TASK GOAL: Copy nothing but the lines below, from the one with "pintura azul desconchada foto" through the one with "Raoul GSlavin Juliá - Director", exactly as written; no pictures should appear.

DATASET RECORDS:
◇ ◇ ◇ ◇
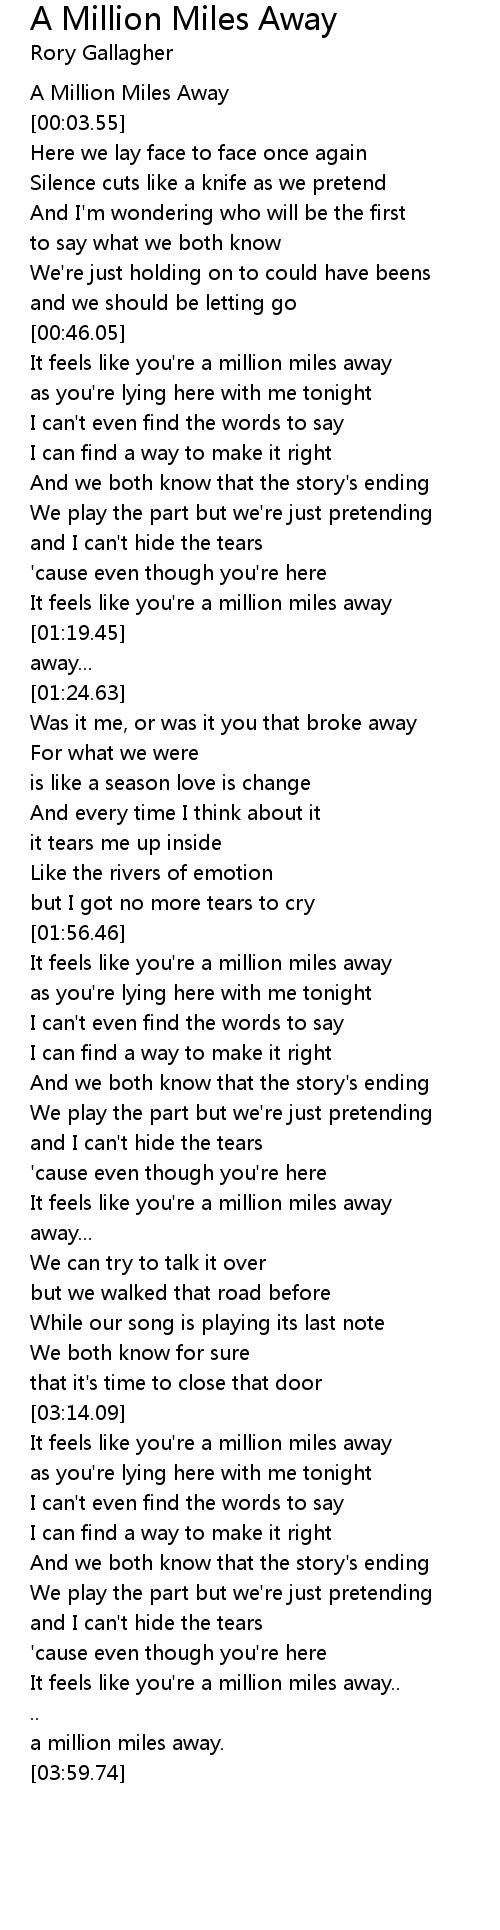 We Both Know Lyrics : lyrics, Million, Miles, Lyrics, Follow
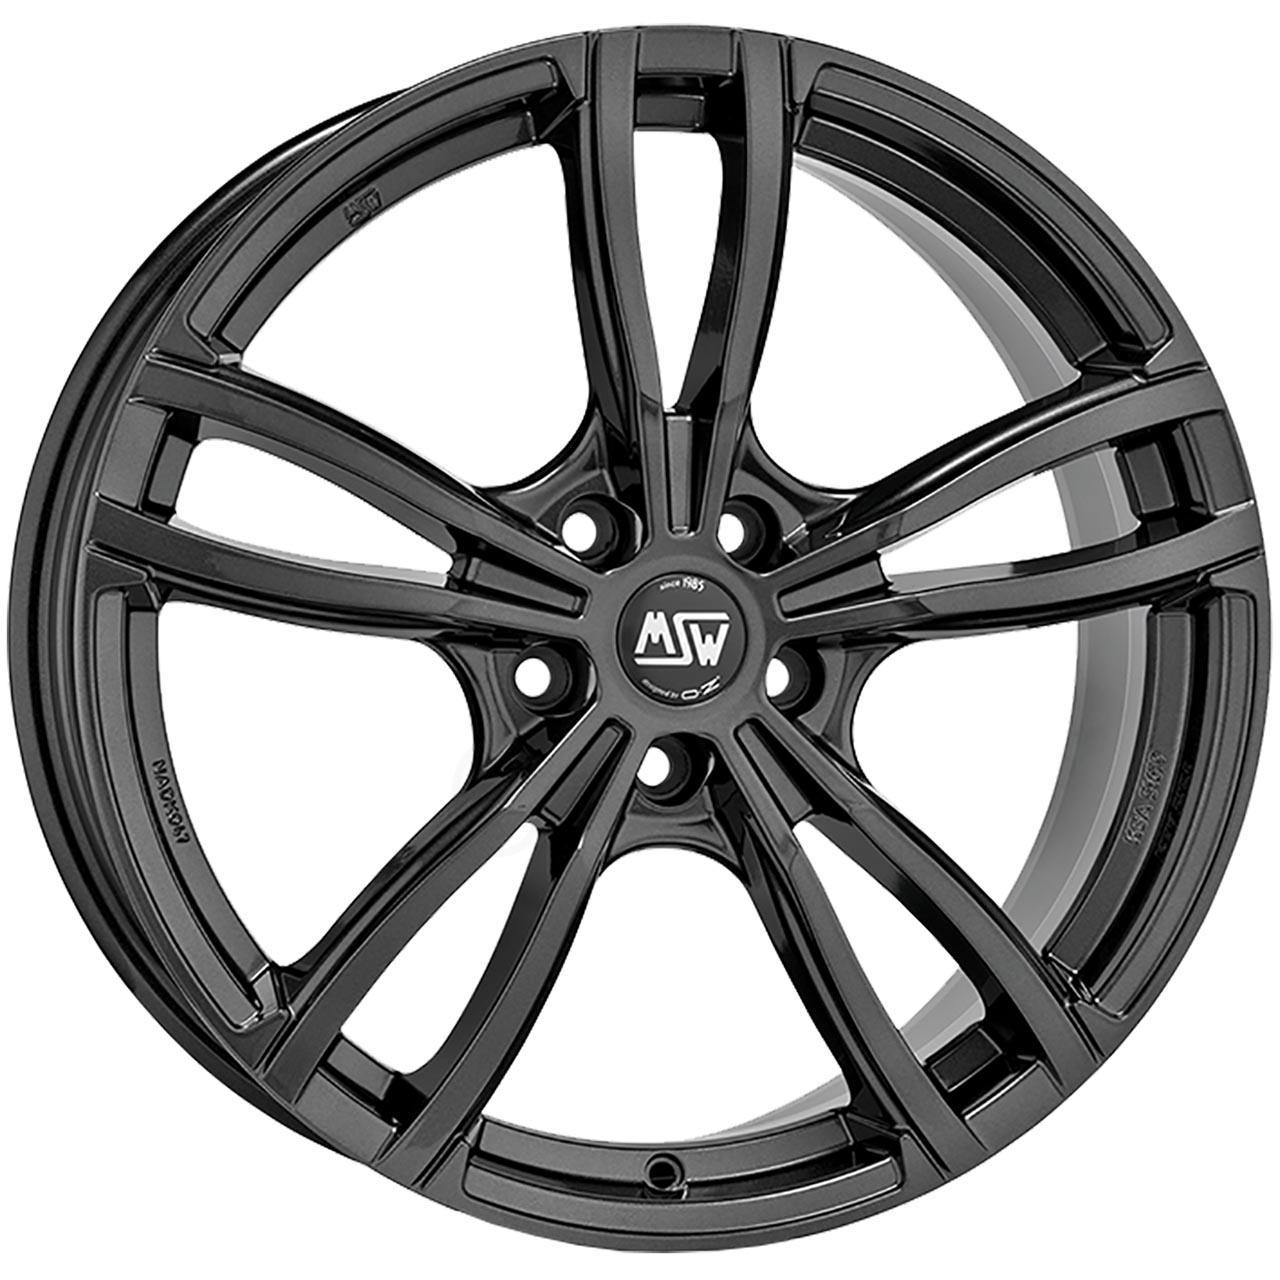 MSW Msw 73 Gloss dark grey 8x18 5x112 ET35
◇ ◇ ◇ ◇
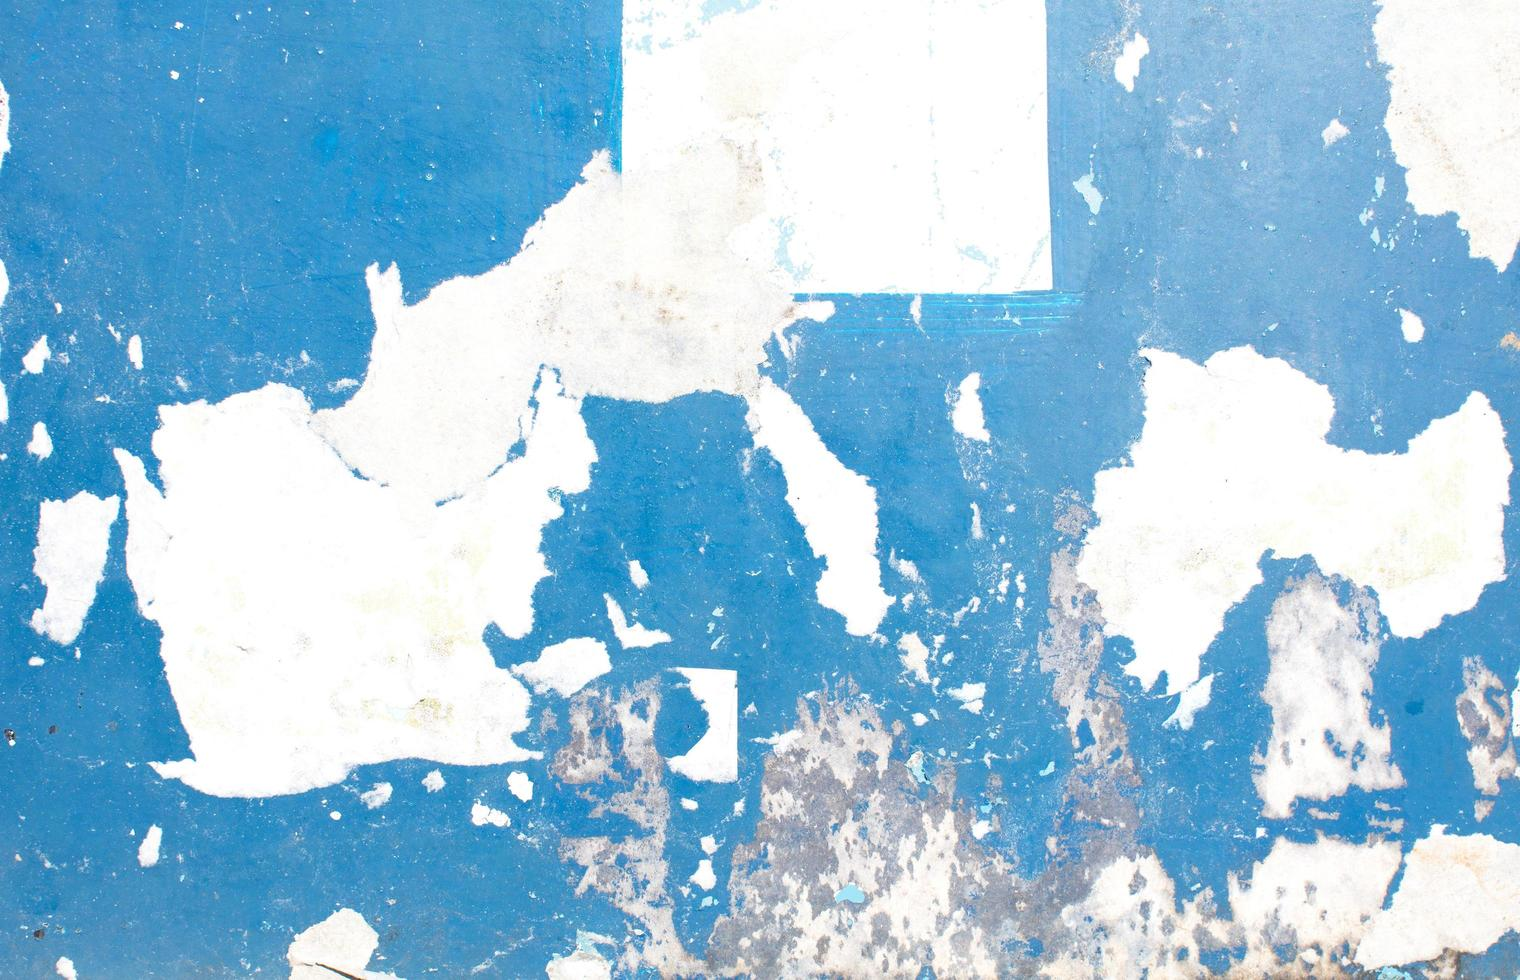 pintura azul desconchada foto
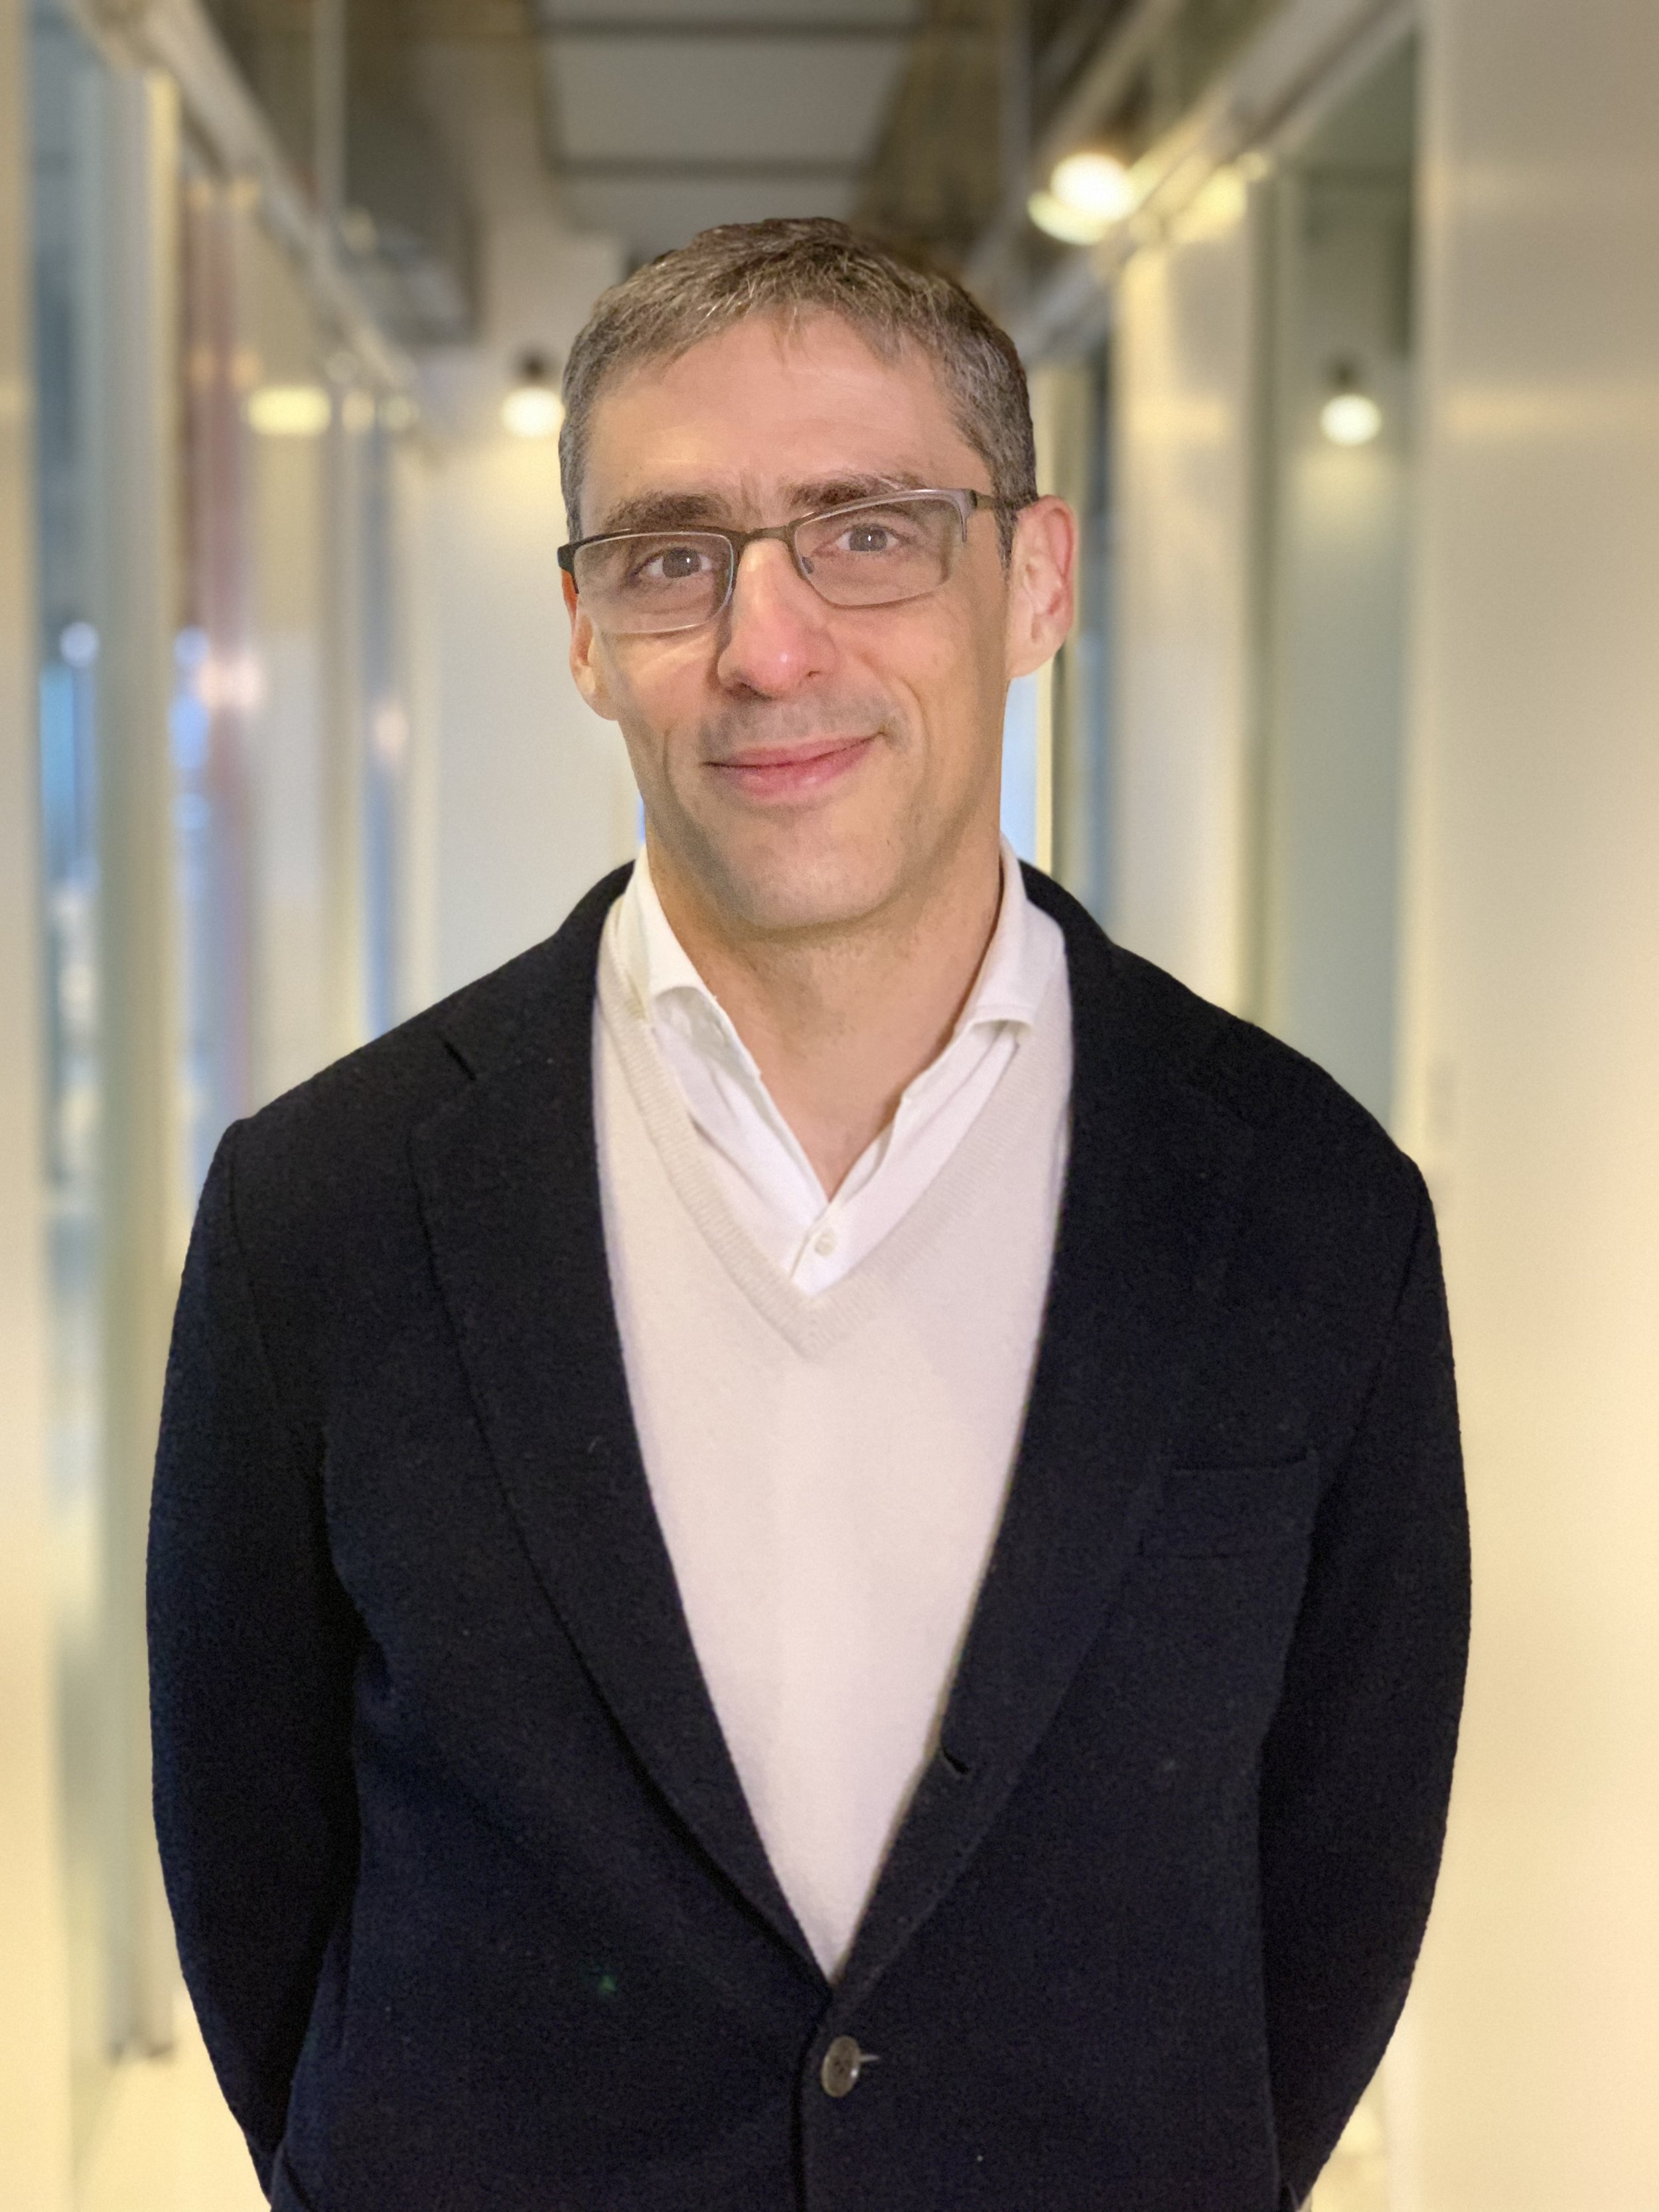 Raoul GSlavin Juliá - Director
◇ ◇ ◇ ◇
REPLY TO THE EXERCISE:
 pintura azul desconchada foto
 Raoul GSlavin Juliá - Director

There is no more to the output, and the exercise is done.